Earlier screening of the rare genetic disorder DiGeorge syndrome (22q11 deletion) is needed Scottish Conservative MP, and Chair of the All Party Parliamentary Group (APPG) on 22q11, David Duguid has said.
Thursday 22nd November 2018 marks the awareness day for genetic syndrome 22q11. The effects of 22q11 are wide ranging, including congenital heart disease, defects of the palate and a range of learning difficulties which lead to the disease being misdiagnosed. This results in patients receiving the wrong kind of care and support which may impact on their quality of life, mental health and employment opportunities.

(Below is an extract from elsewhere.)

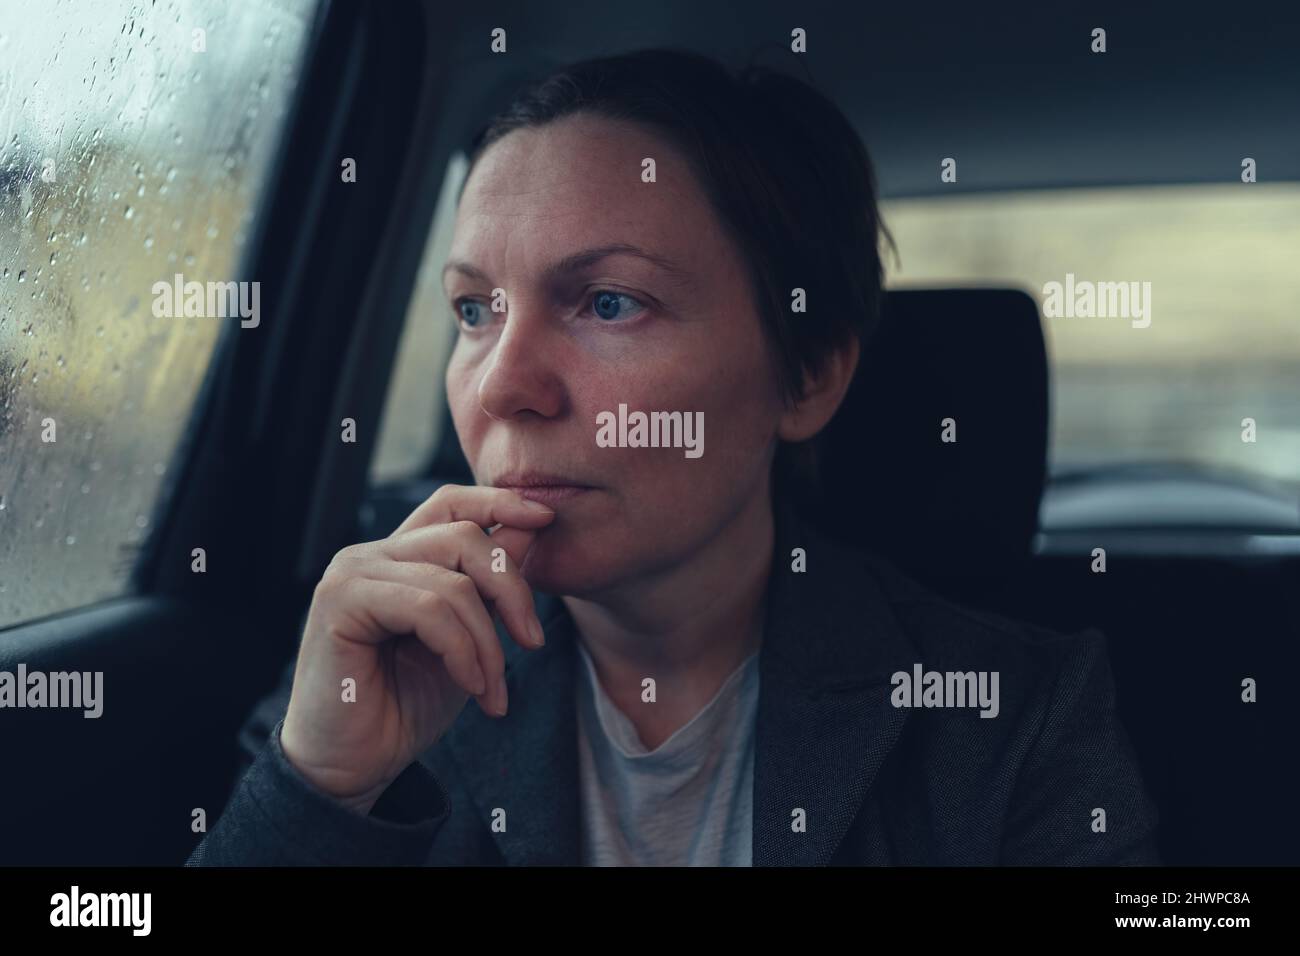 Disappointed and worried businesswoman looking out the window of taxi vehicle on cold rainy day on her way to work, selective focus Stock Photo

It is estimated that a staggering 98% of cases in the UK are undiagnosed. Delays in diagnosis not only has an adverse affect on the child and their family, it is also a hidden cost for the NHS, social services and welfare state.
Mr Duguid has been working with the Charity Max Appeal through the APPG on 22q11 to promote awareness for the campaign and call for earlier screening for the rare disease.
David said:
“I have been calling for the screening of this condition to be offered to all parents so there is a better chance of catching it earlier and implementing appropriate treatment.
“22q11 screening can be incorporated into tests that already exist, such as heel prick tests that are given to new born babies. This ensures the right diagnosis and the right kind of care can be given.”
Adding, Julie Wootton, Founder of Max Appeal, in memory of her son Max said:
“22q11 affects thousands of children every year but is massively misdiagnosed. Too many children are being failed and we see parents becoming ‘experts’.
“Early diagnosis is pivotal to how children adapt to adulthood and achieve good outcomes.
“We are currently working with David Duguid MP, Chair of the APPG on 22q11, to seek the introduction of routine screening for 22q11.”